No, he wouldn't, because Chris Lane was guilty of walking while white.  His for-kicks murder by a couple of black hoods is therefore snooze material for our ostensibly ever-so-compassionate  --  but actually not-all-that-compassionate-at-least-if-you're-white  --  Liberal Elite, starting right at the top with Mr. Smooth.  

The story I put up in my last entry has an eerie and discomfiting echo of the Trayvon Martin case.  That, you will remember, was the locus of a huge amount of still-percolating anger. The anger ignited because a white/Hispanic man killed an unarmed black teenager, but was acquitted after he made a perfectly plausible case of self-defense the state failed to rebut. 

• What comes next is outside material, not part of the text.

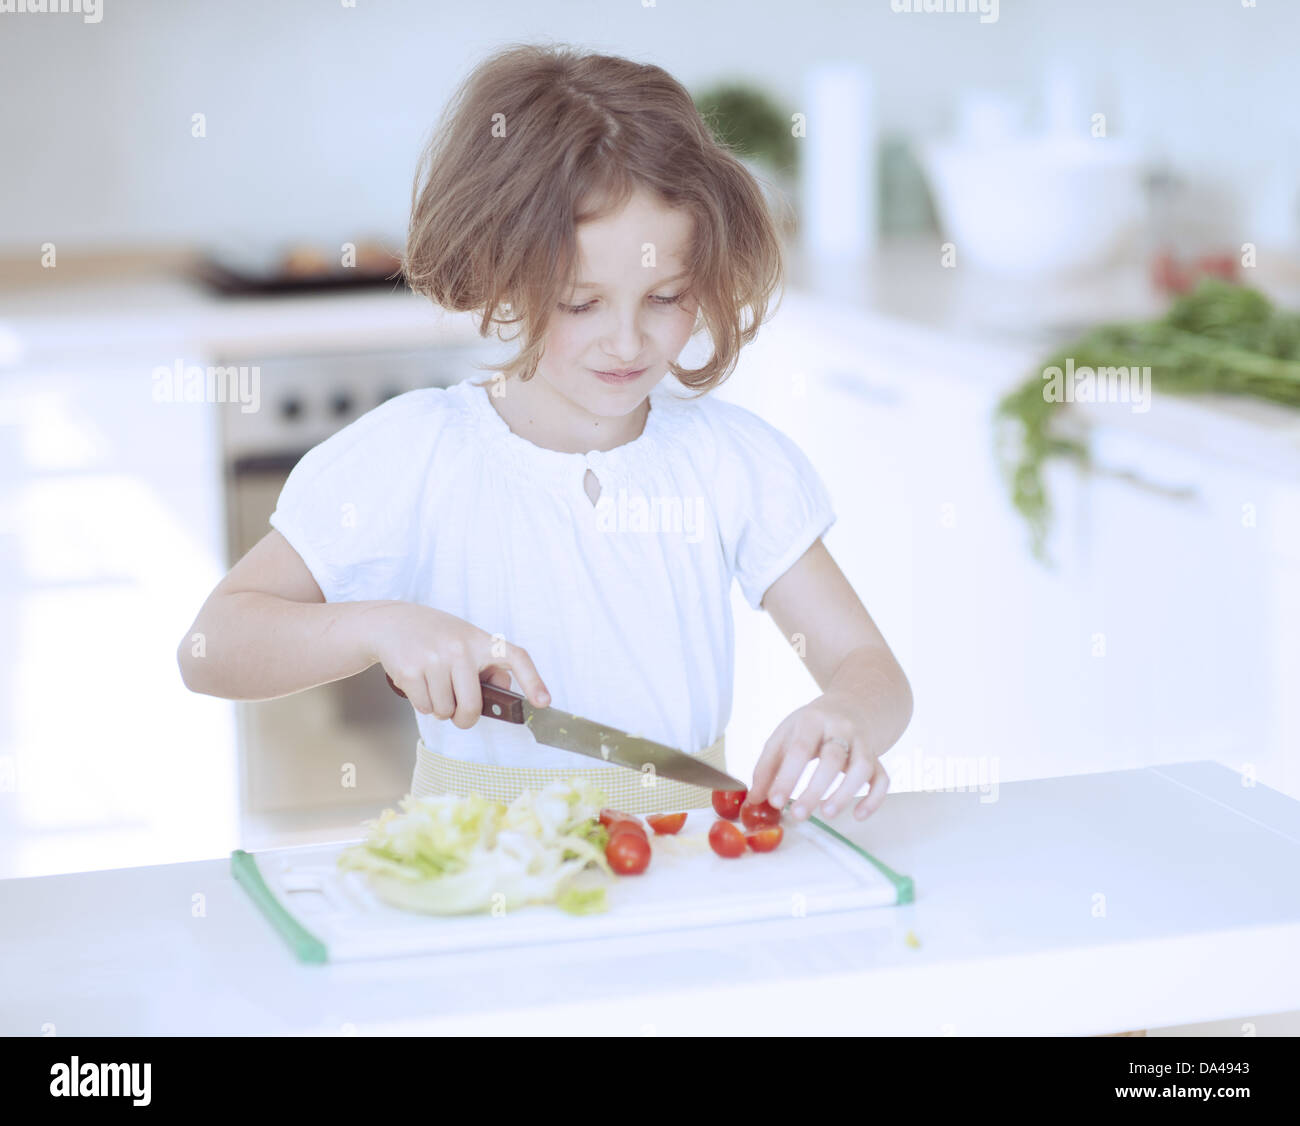 Young girl chopping tomatoes and making a salad in the kitchen Stock Photo

Today's story of two blacks fatally shooting a white man in the back features no whisper of a legitimate defense; it was ambush murder, plain and simple. By any neutral standard, then, it has to be more reprehensible than the Trayvon Martin homicide.  But you'll hear not a mummer of outrage from those who (drum roll here) Demand An Honest Discussion about Race.  The Demand, you see, hoves into view only when it's time to stage a combo Morality Play&Tupperware Party to "oooooohh" and "aaaaahh" over the eighteen zillionth depredation of the White Devil. 

Just so we'll understand:  Our liberal masters want that honest discussion about the implications of inter-racial murder only up to the point that it actually IS honest, after which you better shut your mouth.